Wednesday, February 06, 2008

Introduction

The Formation of the Modern Subject in Joseph Conrad and Virginia Woolf




In his essay "The Problematics of European Modernism," Richard Sheppard observes that critics have often found it difficult to define the modernist era in relation to past eras. For this reason, he says, modernism cannot be said to have a unitary set of critical objectives. Even with the recognition of modernist art as being fundamentally different from that of the previous age, modernism has often been shrouded in critical vagueness, with scholars presenting opinions at odds with one another. One assertion critics seem wholly in agreement on is the difficulty of defining the modernist enterprise. Jan Mukarovsky's statement that "the notion of modernism is very difficult" agrees with Monroe K. Spears's definition of modernism as "an impossible subject." A few years later, in a widely read volume on the subject, Malcolm Bradbury and James McFarlane stated: "The name [modernism] is clear; the nature of the movement...is much less so. ... To distill from the multiplicity an overall style or mannerism is a difficult, perhaps even impossible task." A factor contributing to the difficulties involved in defining modernism is its lack of distinct historical borders.
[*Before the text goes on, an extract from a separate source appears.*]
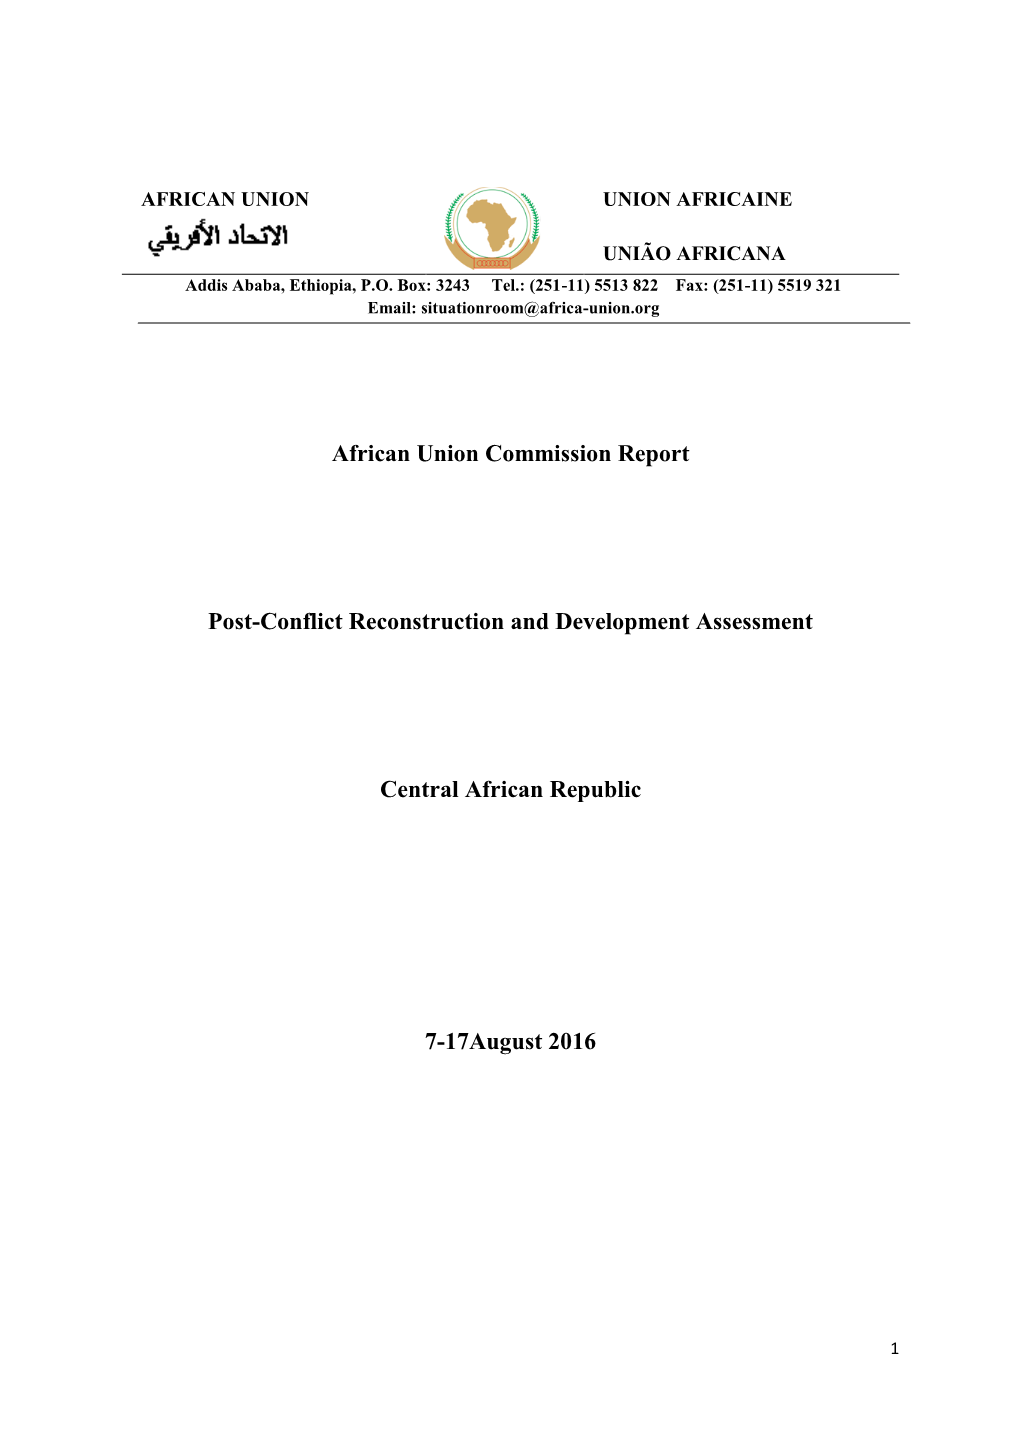 African Union Commission Report Post-Conflict Reconstruction And

While the exact range of the modernism period varies among critics, most people agree that this period lasted roughly from 1885 to 1935.

In 1981 the critic William J. Brazill Jr. defined modernist works according to their "emphasis on subjectivity [where] feelings of alienation and loneliness [combined with] an ever-present sense of chaos [to produce] an experience of panic and terror." Yet when removed from the contextual framework of modernist literature, it is clear that these characteristics are not exclusive to the modernist period. Most often, the modernist period has been labeled as a moment of rebellion where the creators of a new literary paradigm generated a new narrative structure through the reconfiguration of older narrative forms. In this respect, modernism has been understood as the antithesis of romanticism, a backlash against aestheticism, a foil for the code of realism, an alliance with futurism and surrealism, or as antecedent to postmodernism. Alan Wilde notes that the modernists "simultaneously used and reacted against conventions which marked earlier artistic movements."

Sheppard believe the First World War, while not thew direct progenitor of modernism, promoted a skeptical view of moral reality and a deeply pessimistic view of human nature; this viewpoint had already been present in the works of neo-modernist artists in the nineteenth century. In her essay "Mr. Bennett and Mrs. Brown," Virginia Woolf said that this change preceded the outbreak of the war, and she named December 1910 as the moment when human nature and all human relations changed. While the precise date is subject to speculation, by the second decade of the twentieth century, certainly, many artists and intellectuals were sharing a powerful sense that an ongoing transformation was shaping the sphere of human existence. At the heart of modernism was the feeling that the culture of Europe, which was the foundation of liberal humanism, was giving way beneath the weight of this metamorphosis.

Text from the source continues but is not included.